*** Opening Information shown ***

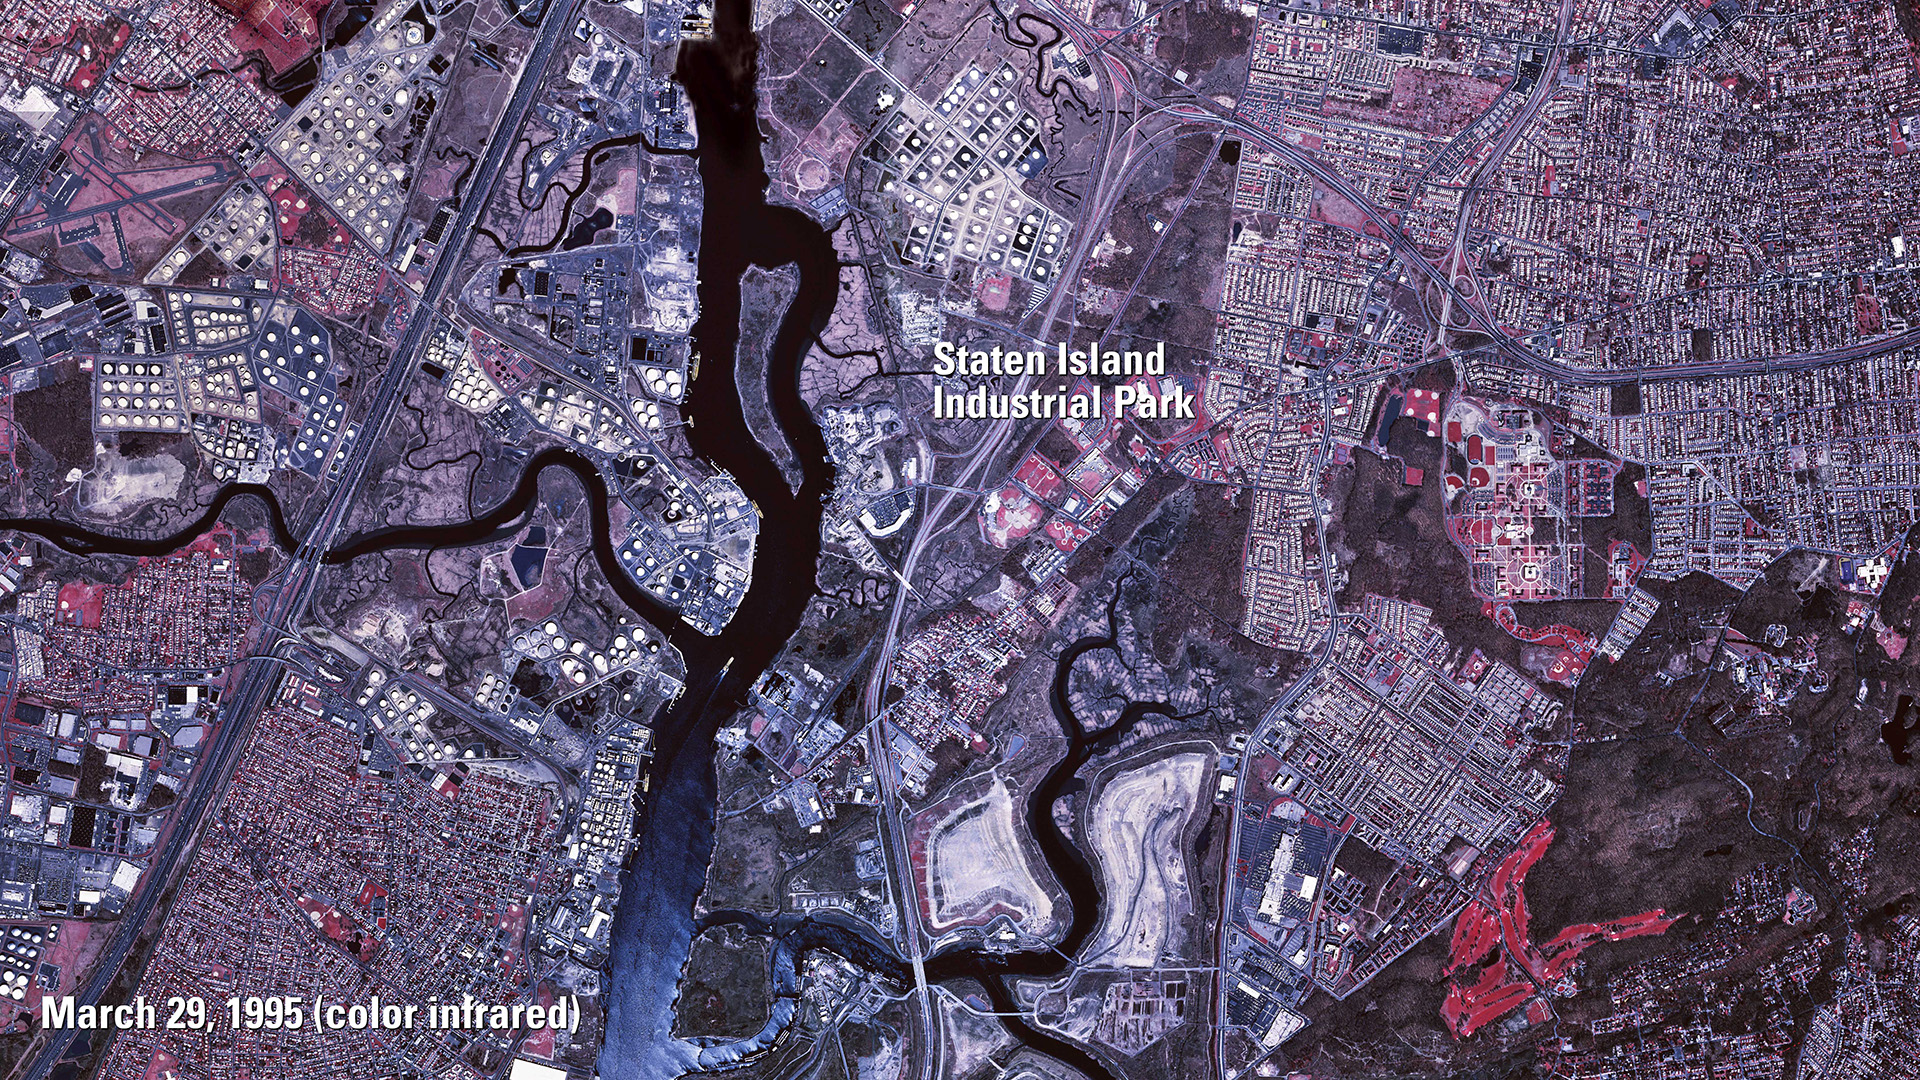 1995 image of Staten Island Industrial Park
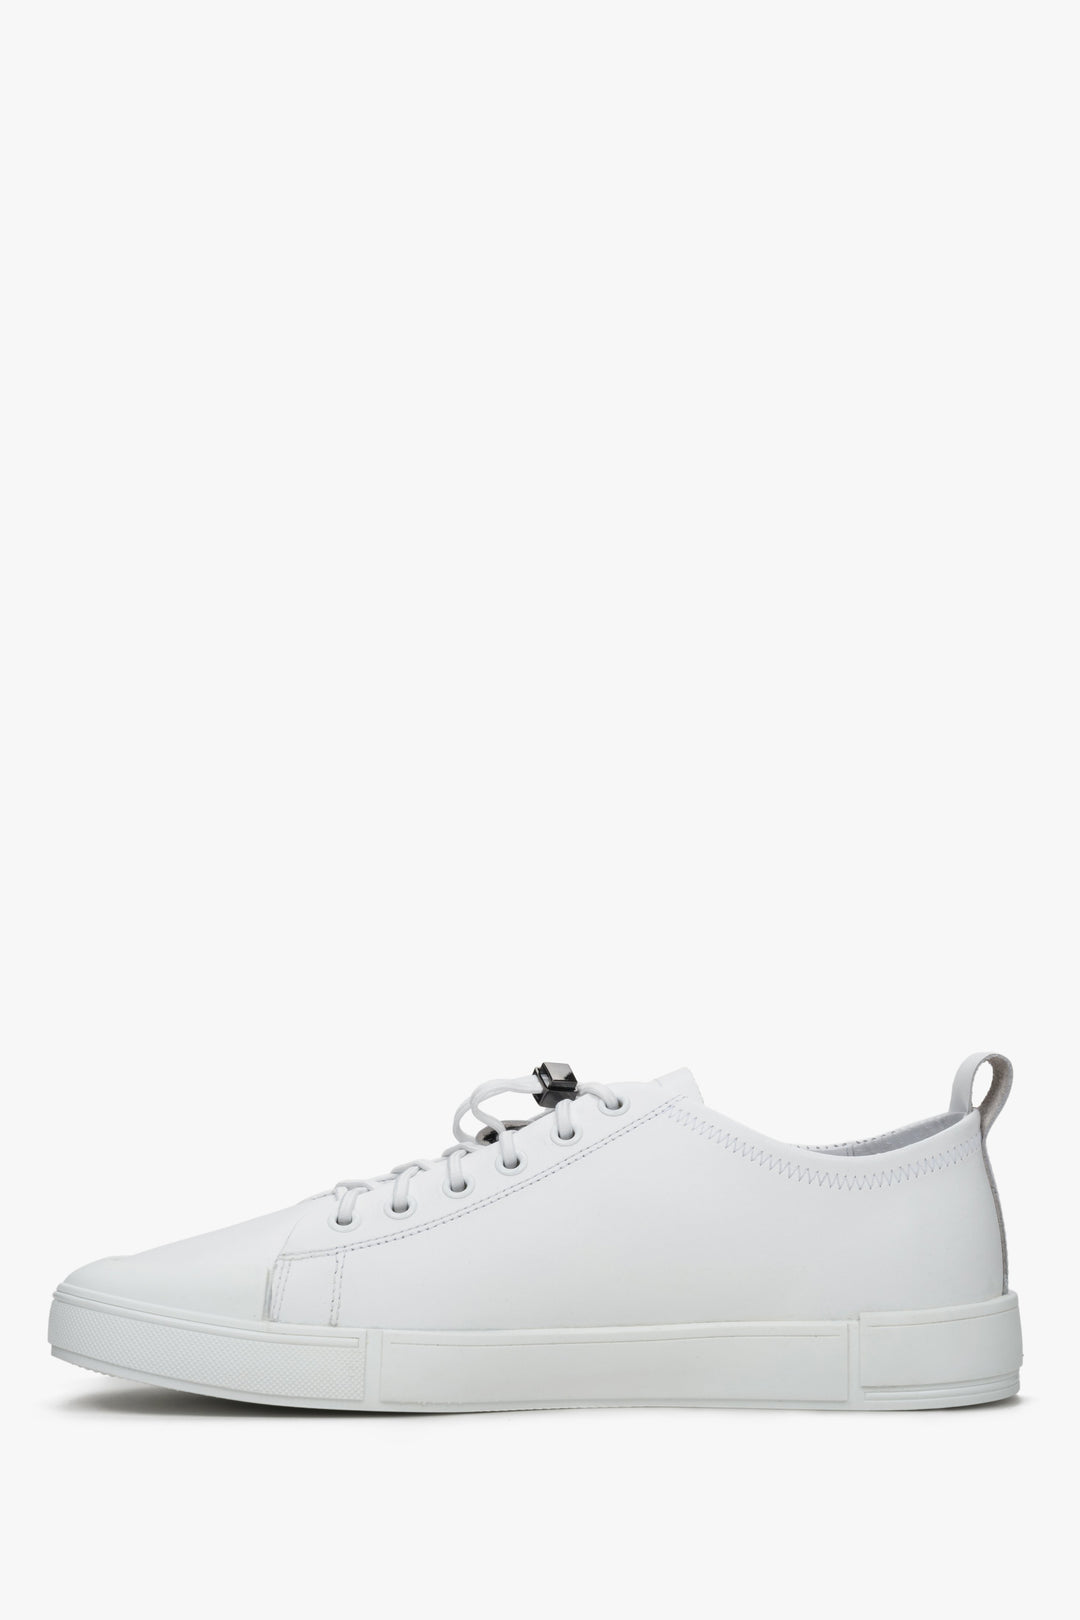 Men's white leather sneakers by Estro - shoe profile for fall.
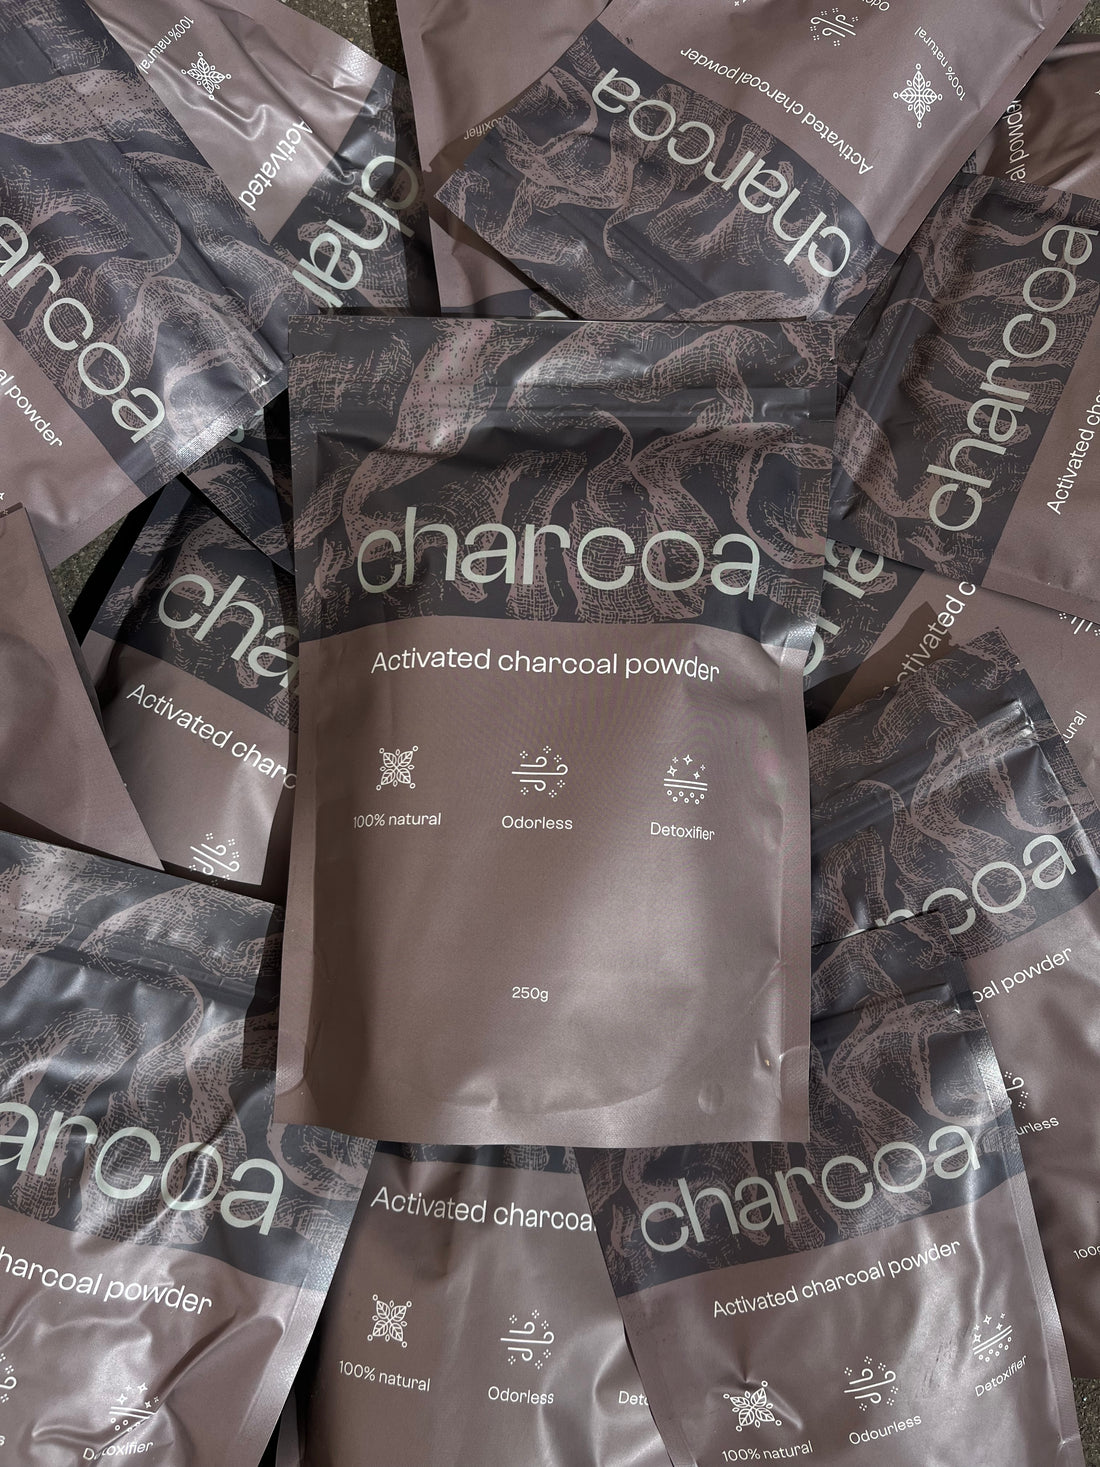 Charcoa activated charcoal

*** Closing Information shown ***

**What to produce**:
Drop the images and return the data verbatim.

**Answer to this problem**:
 1995 image of Staten Island Industrial Park
 Men's white leather sneakers by Estro - shoe profile for fall.
 Charcoa activated charcoal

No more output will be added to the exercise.